Robust demand from across Asia and Africa sent Indian rice export prices to a three-year peak this week, while Vietnamese exporters struggled to ship due to high freight prices fuelled by a container shortage.

Top exporter India's 5 percent broken parboiled variety were quoted at $402-$408 per tonne, its highest since May 2018.

"Along with traditional buyers, China and Vietnam are also buying from India.

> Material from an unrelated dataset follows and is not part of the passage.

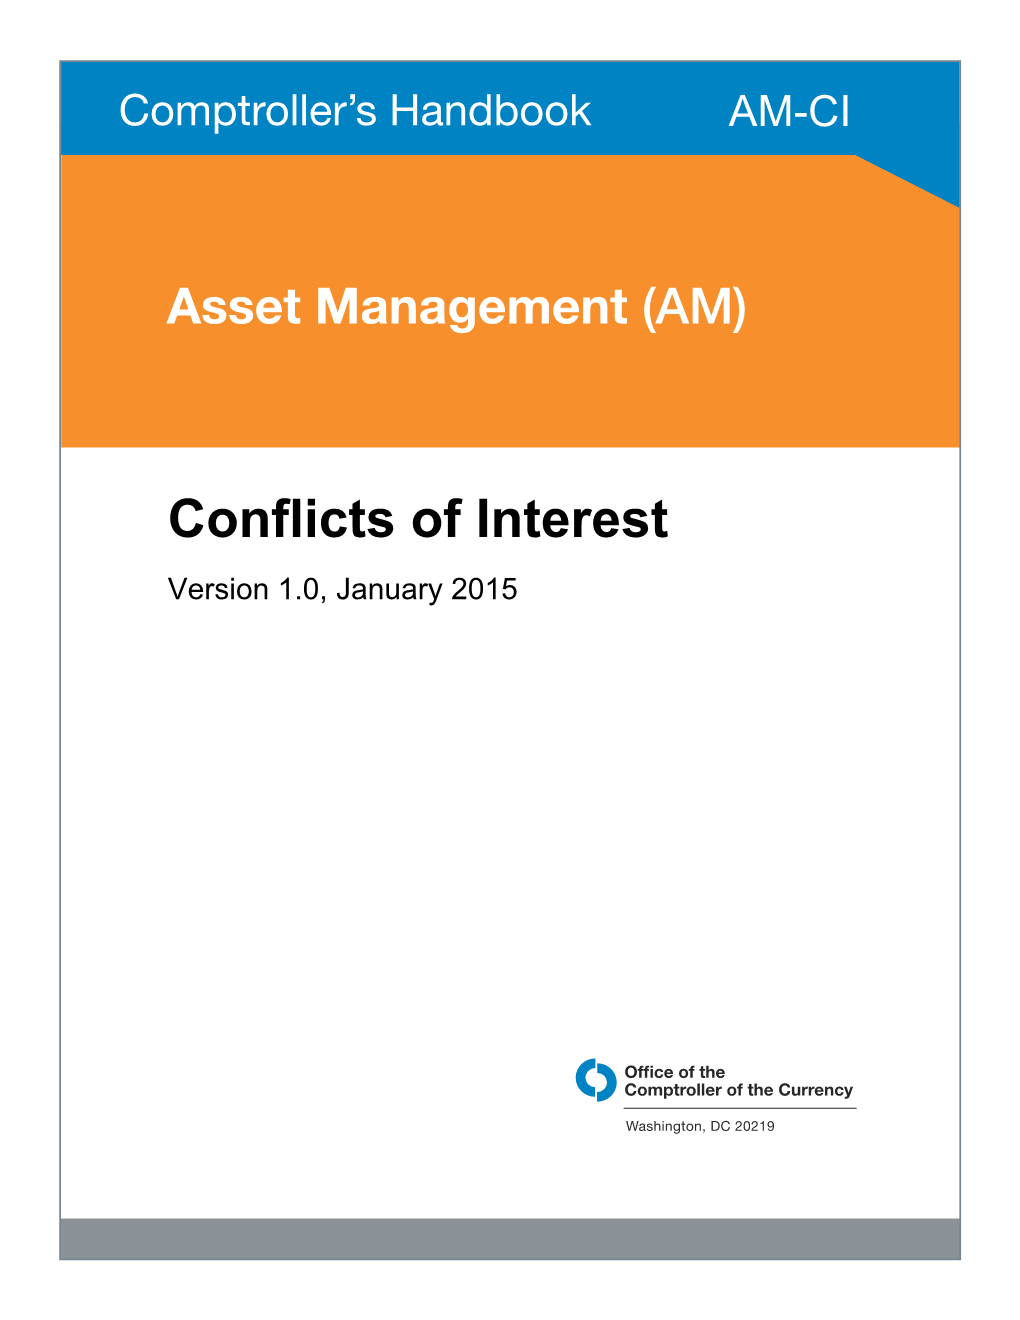 Comptroller's Handbook, Conflicts of Interest

There's huge demand," said an exporter based at Kakinada in the southern state of Andhra Pradesh.

Andhra Pradesh will use a deepwater port to export rice for the first time in decades amid a global grain shortage, according to a government order seen by Reuters, which could raise shipments this year by a fifth.

Neighbouring Bangladesh, which has been grappling with limited supply, also bought more than 110,000 tonnes from India with more on its way, a senior Food Ministry official said.

Meanwhile, Vietnam's 5 percent broken rice prices rose to $510-$515 per tonne from $505-510 last week on thin supply.

"Trade is very slow as most of us are already off for the Lunar New Year holiday, and buyers have suspended signing new contracts waiting for the new harvest," a trader based in the Mekong Delta province of An Giang said.

The harvest of the winter-spring crop, the largest of the year, will peak in late February or early March, traders said.

Shipments were also being hampered by high freight charges due to a container shortage.

"Shipments to regional ports have been facing delays, and we can't even book ships for European and African ports," a trader said.

Thailand's 5 percent broken rice prices jumped to their highest level since early April at $535-$564 per tonne, amid concerns over low supplies, while exporters eyed a tender from Iraq, traders said.

Iraq's trade ministry said it intended to procure rice from international suppliers this week.